# Technology NER (Neural Network)

Here we gonna teach our model to learn to label technology stuff.

We gonna go through the whole process from labeling to training, so you understand how to do it.  The idea is:

1. Grab some raw text containing technological stuffs
2. Grab another text containing terms about technology
3. Use 2 to annotate 1
4. Then train the NER model with the annotated 1

First, let us grab the raw text containing technology related stuffs.  We grab these raw texts from patent

This is edited from https://github.com/kinivi/patent_ner_linking

## 1. Loading data

In [1]:
# if you've already unzipped the file
# this is a text I grab from 
#https://www.google.com/patents/sitemap/en/Sitemap/G06/G06K.html
patent_data = open('data/G06K.txt').read().strip()
patent_data[:500]

'BACKGROUND OF THE INVENTION\n[0001]\n1. Field of the Invention\n[0002]\nThe present invention relates to a wireless communication terminal with an RFID (Radio-Frequency Identification) module, a wireless communication system, a wireless communication method, and a device storing a program.\n[0003]\nPriority is claimed on Japanese Patent Application No. 2013-154951, filed Jul. 25, 2013, the content of which is incorporated herein by reference.\n[0004]\n2. Description of Related Art\n[0005]\nA method of usi'

Since when we train NER, we need to give many samples, each sample as a `Doc`, we gonna split our `patent_data` into many samples.  One doc per one patent.  Looking closely, they are splitted by `\n\n`

In [2]:
# split into patents texts | 1 entry = 1 patent
patent_texts = patent_data.split('\n')
print("Length: ", len(patent_texts))
print("First patent: ",  patent_texts[0][:50])
print("Second patent: ", patent_texts[1][:50])

Length:  427
First patent:  BACKGROUND OF THE INVENTION
Second patent:  [0001]


In [20]:
patent_texts[0]

'BACKGROUND OF THE INVENTION'

Next, let's grab some technological terms from another text file.  To extract relevant terms from the text, we can use `CountVectorizer` from scikit-learn. In such way, we can remove less frequent terms than some threshold.

In [12]:
# here are the potential terms
terms = open('data/manyterms.lower.txt').read().lower().strip().split('\n')
print(terms[44444:44456])
print(len(terms), 'terms')

[]
66 terms


As you can see, we got a lot of irrelevant terms.  Let's filter only the top 25 for now.

In [11]:
unique_terms = list(set(terms))

In [14]:
from sklearn.feature_extraction.text import CountVectorizer

# Here lowercase=False option is used to keep the original case of the terms, since we possibly could have term abbreviations. Like API, CAT, etc.
cvectorizer = CountVectorizer(ngram_range=(
    1, 4), stop_words="english", vocabulary=unique_terms, lowercase=True)
X = cvectorizer.fit_transform(patent_texts)

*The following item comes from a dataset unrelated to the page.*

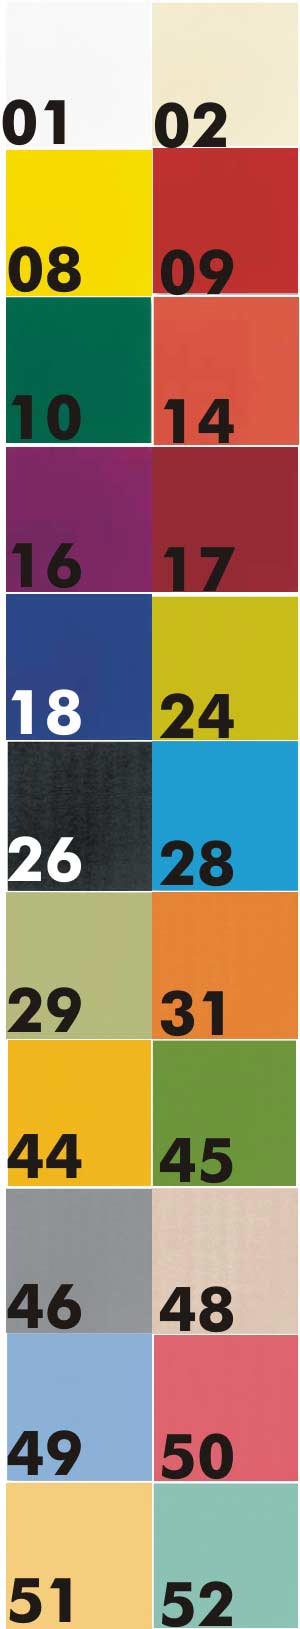 Salg af servietter, duni, 3-lags, 33x33cm, 125 stk - farver  Aamand Udlejningscenter.
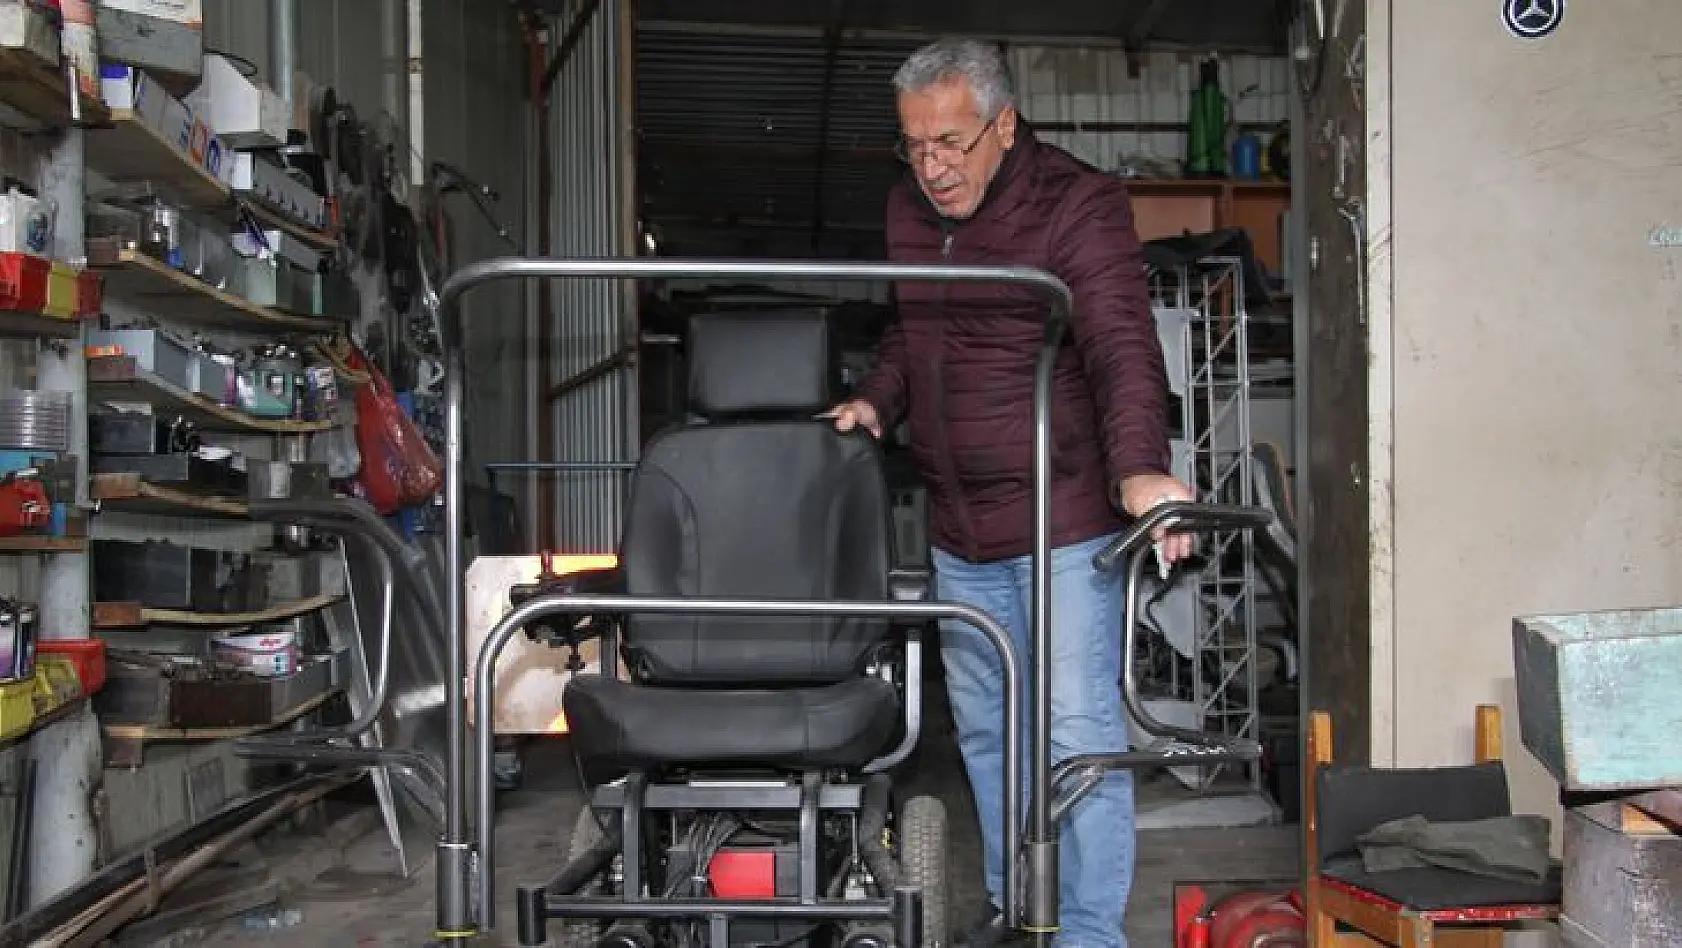 Engelli Babası Yaptığı Tasarımlarla Engellilerin Hayatlarını Kolaylaştırdı

Let's take a look at the results of the counting

In [15]:
#row = patents
#columns = terms
#value  = counts
X.toarray().shape

(427, 59)

Let's sum the row for each column (to get each term frequency), sort them, and map to actual vocab

In [16]:
import numpy as np

#sum them across all documents
counts = np.sum(X, axis=0)
counts.shape

(1, 59)

In [17]:
#we can get the actual vocab name
vocabs = cvectorizer.get_feature_names_out()
cvectorizer.get_feature_names_out()[:10]

array(['wherein the power supply control unit detects residual electric power supply of the power supply unit when the signal to instruct the electric power supply to the wireless communication module is input from the rfid module,',
       'a control unit configured to perform control such that parameters of the layer higher than the data link layer is set to parameters of the wireless communication module;',
       'a tag reading unit configured to transmit the read request to the rfid module, and receives the wireless communication setting information transmitted in response to the read request, and',
       'wherein the power supply unit does not perform the electric power supply to the rfid module.',
       'wherein, when information designating a condition of the transmission target data is acquired from the external terminal, the rfid module determines whether or not there is transmission target data satisfying the condition, and wirelessly transmits the wireless communication s

In [18]:
import pandas as pd

#put in the dataframe nicely for viewing
#.T to transpose columns to rows
df = pd.DataFrame(counts, columns = vocabs).T.sort_values(by=0, ascending=False)
df.head()

Unnamed: 0,0
"wherein the power supply control unit detects residual electric power supply of the power supply unit when the signal to instruct the electric power supply to the wireless communication module is input from the rfid module,",0
"1. a wireless communication terminal with an rfid module, comprising:",0
"13. a wireless communication system, comprising:",0
"4. the wireless communication terminal with the rfid module according to claim 3,",0
"wherein the rfid module stores the data presence/absence information for each external terminal, and",0


## 2. SpaCy NER

Let's start from the original model, and try to see how it looks.

In [19]:
import spacy
from spacy import displacy

nlp = spacy.load("en_core_web_sm")
doc = nlp(patent_texts[0][18000:20000])
displacy.render(doc, style="ent", jupyter=True)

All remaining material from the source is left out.